Speech-to-Text Conversion with Azure
Photo by Andrea Piacquadio
Objective:
Create a system that leverages Azure services for converting spoken language into written text. This project focuses on using Azure Speech Services to perform speech-to-text conversion.
Technologies and Services Used:
- Azure Speech SDK: To interact with Azure Speech Services.
- Azure Speech Services (Speech-to-Text): For converting spoken language into text.
- Azure Storage (Optional): To store the converted text data.
Steps:
1. Azure Speech Service Setup:
- Create an Azure Speech resource on the Azure Portal.
- Obtain the necessary API keys and endpoint for authentication.
2. Development Environment:
- Use a programming language of your choice (e.g., Python, C#).
- Install the Azure Speech SDK for your chosen language.
3. Integration with Azure Speech Services:
- Use the Azure Speech SDK to connect to Azure Speech Services.
- Implement a method to send audio data for speech-to-text conversion.

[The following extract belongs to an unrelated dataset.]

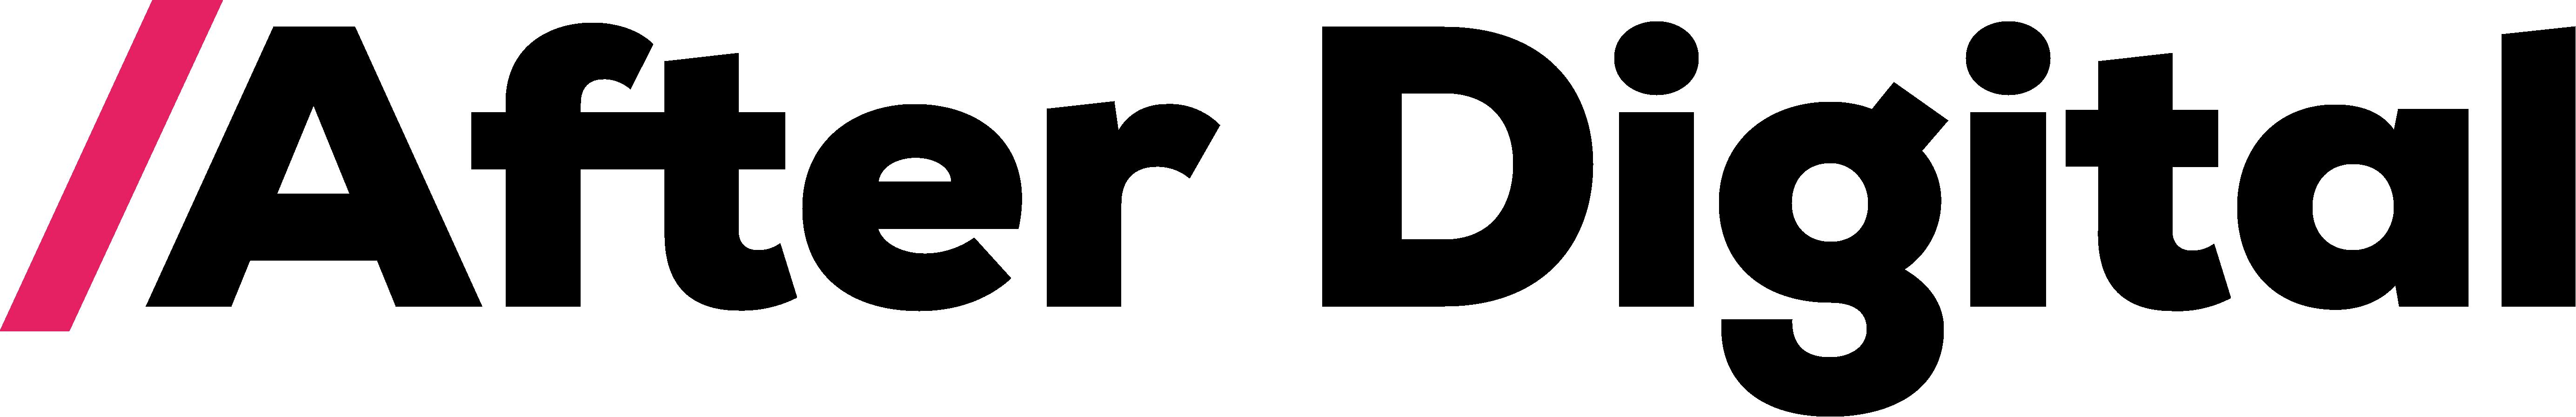 Image showing After Digital
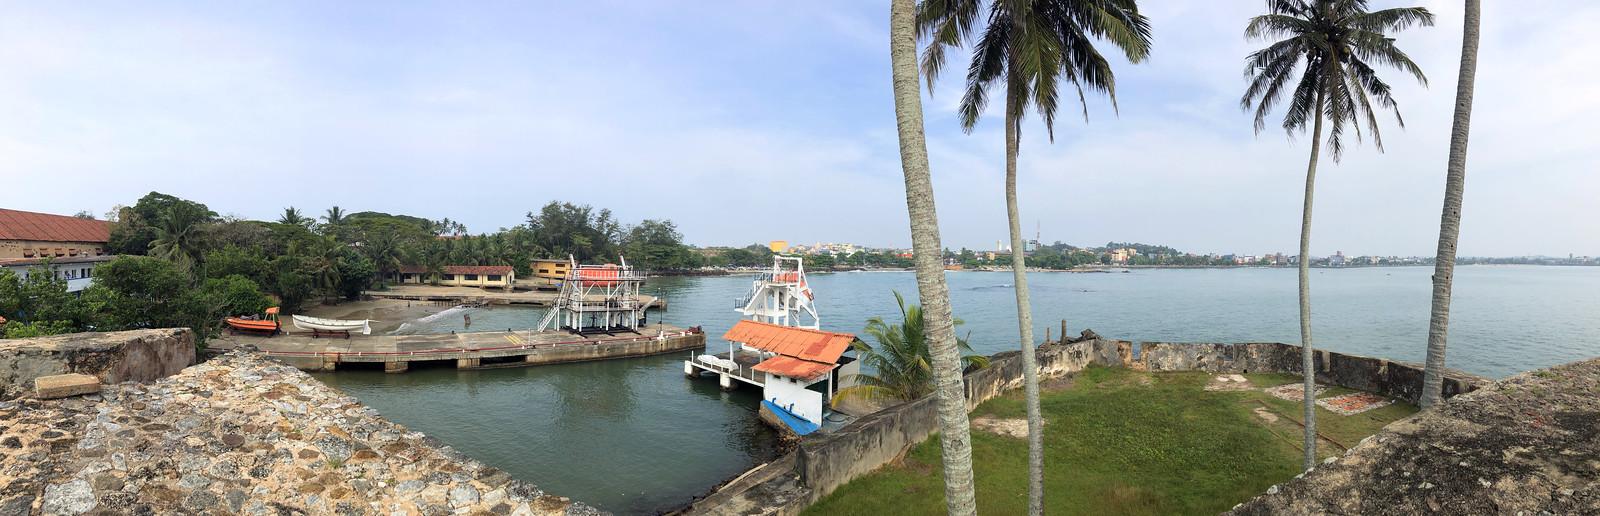 Visitar Galle en un día, Sri Lanka galle en un día - 46285163734 530be32028 h - Galle en un día, Sri Lanka

4. Speech-to-Text Conversion:
- Develop a script or application that utilizes Azure Speech Services to convert spoken language into text.
- Handle different audio file formats (e.g., WAV, MP3).
5. Text Data Handling:
- Process the converted text data as needed (e.g., store in a database, analyze sentiment, extract key phrases).
6. Optional: Azure Storage Integration:
- Implement Azure Storage to store the converted text data for future reference or analysis.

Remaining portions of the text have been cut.